Meteorites could be source of world's precious metals, study finds
Rare and precious metals such as platinum, gold and iridium could have been
brought to Earth by iron meteorites, according to new research by Dr Gerhard
Schmidt of the University of Mainz in Germany.
Dr Mainz is due to present his results at the European Planetary Science
Congress (EPSC), which is taking place in Münster, Germany, from 21 to 26
Gold, platinum, iridium, palladium and rhodium are examples of Highly
Siderophile Elements (HSEs), metals that tend to bond with solid or molten
metallic iron. When the Earth was still forming, it heated up, and the HSEs and
other heavy elements were stripped from the surface of the young planet into its
iron- and nickel-rich core.
This raises the question of where the HSEs found in the crust came from. One
theory is that meteorite impacts delivered these elements to the earth's surface
after the core had formed.
Over the course of 12 years, Dr Schmidt and his colleagues analysed HSE
concentrations at a number of meteorite impact sites and in the earth's crust
and mantle at other sites. They also studied samples from the surfaces of the
moon as well as Martian meteorites.
'A key issue for understanding the origin of planets is the knowledge of the
abundances of HSE in the crust and mantle of the Earth, Mars and Moon,'
explained Dr Schmidt. 'We have found remarkably uniform abundance distributions
of HSE in our samples of the Earth's upper crust. A comparison of these HSE
values with meteorites strongly suggests that they have a cosmochemical source.'
Dr Schmidt's analyses revealed that the HSE levels found in the earth's crust
are much higher than those found in stony meteorites called chondrites, which
were formed form the material present in the early solar system.

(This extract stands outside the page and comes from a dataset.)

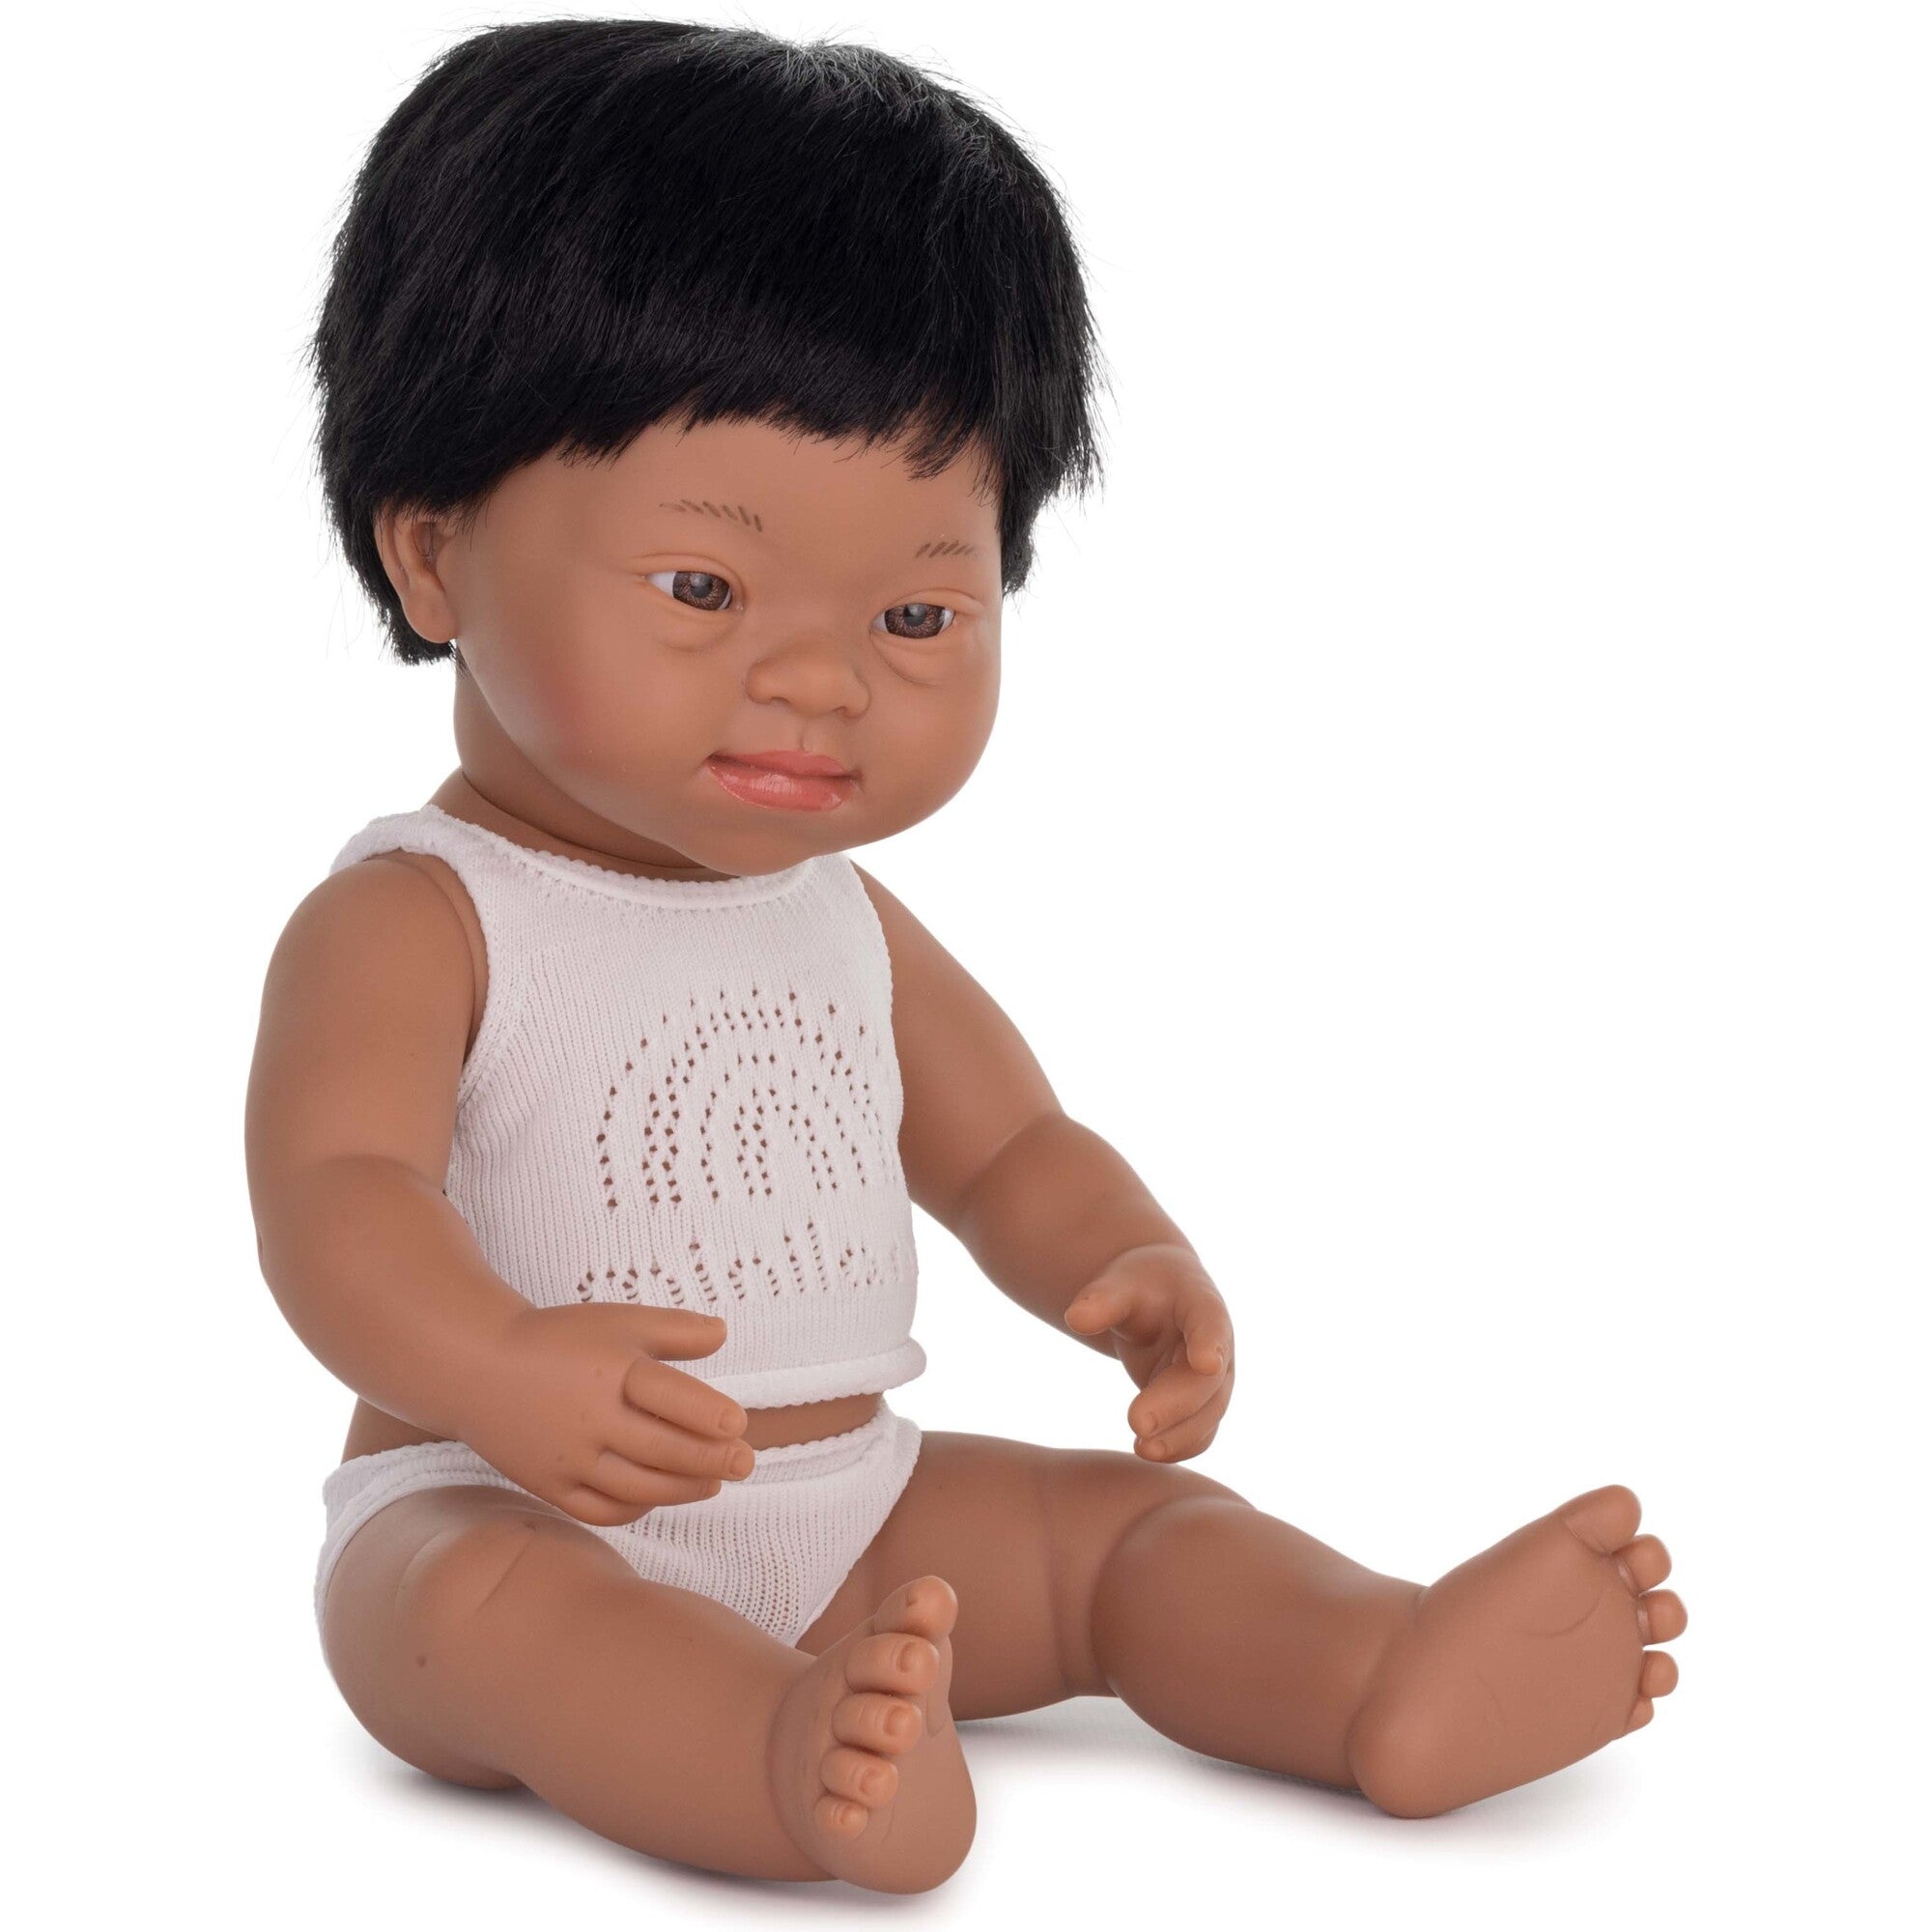 Miniland Baby Doll Hispanic Boy with Down Syndrome 15" Dolls

However, the HSE ratios found are very close to those found in iron or
stony-iron meteorites. These larger asteroids generated enough internal heat to
form a molten metal core. Dr Schmidt has calculated that around 160 metallic
asteroids of approximately 20 km in diameter would be enough to provide the
levels of HSEs found in the earth's crust today. Furthermore, it seems that a
similar process could have been taking place on Mars.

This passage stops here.